Estas teorias fornecem uma visão das desigualdades de gênero persistentes,


da discriminação e das questões culturais generalizadas do assédio de gênero
e sexual nas profissões especializadas. A segregação de gênero continua a
reforçar o mandamento de que as profissões especializadas são o trabalho dos
homens.

É importante mencionar que não se pretende reduzir a análise de exclusão


social ao fator de gênero, é sabido que é essencial considerar a
interseccionalidade no estudo das desigualdades, para compreensão completa
dessa problemática. Ou seja, é inquestionável que mulheres, pretas, em
ocupações subalternas são os sujeitos que ocupam as posições mais baixas e
desvalorizadas na estrutura social. Porém, foge ao escopo deste estudo
analisar todas as variáveis e suas intersecções para compreensão holística do
espaço social, sendo este uma meta que extrapola os objetivos deste artigo.

Em suma, as contribuições de Bourdieu para a análise da estrutura social são


significativas, inclusive em suas limitações em relação ao tratamento do gênero
e sua percepção como aspecto não determinante de posições no espaço
social.
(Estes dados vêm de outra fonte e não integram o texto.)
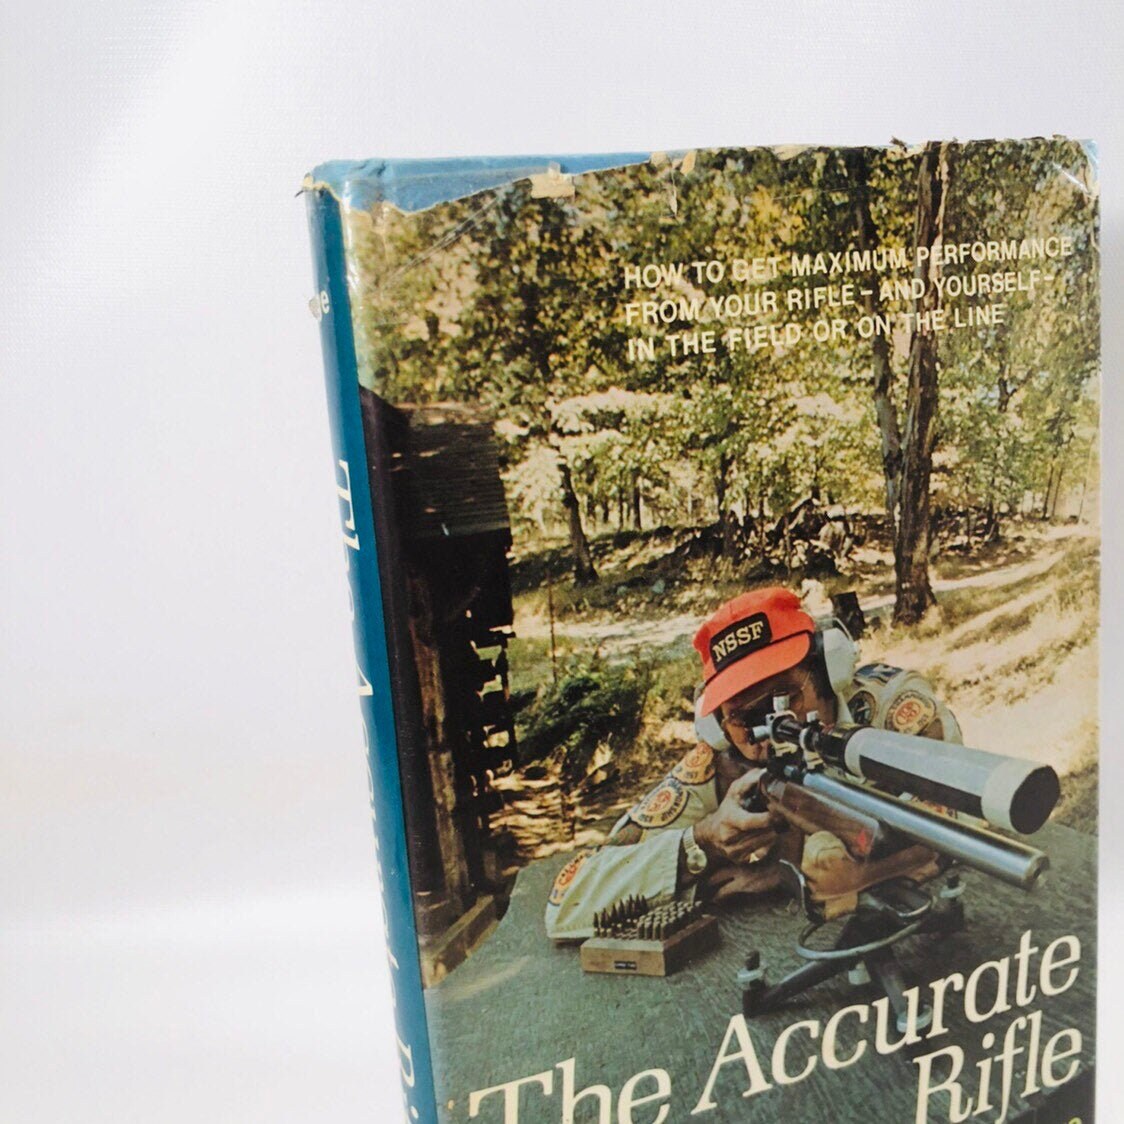 The Accurate Rifle by Warren Page 1973 A Vintage Book Vintage Book

É a partir daí, com o caminho já aberto pelo autor, que foi possível
avançar nos estudos de gênero e suas relações com o capital simbólico,
cultural e consequentemente com suas outras formas, que são essenciais para
compreensão da persistente desigualdade de gênero.

6. Considerações finais

Buscou-se, neste trabalho, compreender como o gênero afeta a relação entre


os diferentes capitais propostos por Bourdieu, especialmente os capitais
simbólico e cultural, a fim de mostrar a contribuição do autor e suas limitações.

Bourdieu apresenta uma teoria pertinente para compreensão da valorização de


bens na economia, que responde aos paradoxos econômicos como o
“paradoxo de Van Gogh”, e nos presenteia com as definições de capital
cultural, simbólico, social e econômico.

Ao tratar o silenciamento das mulheres como principal estratégia para


dominação masculina e condená-la, Bourdieu , mesmo com seu estruturalismo
no entendimento das relações sociais, fornece aberturas essenciais para
compreensão de gênero como uma variável central no entendimento das
disposições e posições sociais. Apesar de podermos vê-lo entrelaçado por sua
própria dominação simbólica em algumas passagens, seu estudo da
dominação masculina oferece ferramentas essenciais para entender a posição
subordinada que atormenta as mulheres na sociedade.

Foi devido a sua contribuição que as pensadoras feministas complementam e


avançam os estudos das relações entre gênero e capitais, trazendo novas
leituras e entendimentos sobre os dois conceitos, principalmente
argumentando que o ser feminino pode operar como uma forma de capital
cultural, usando próprias as definições de capital de Bourdieu.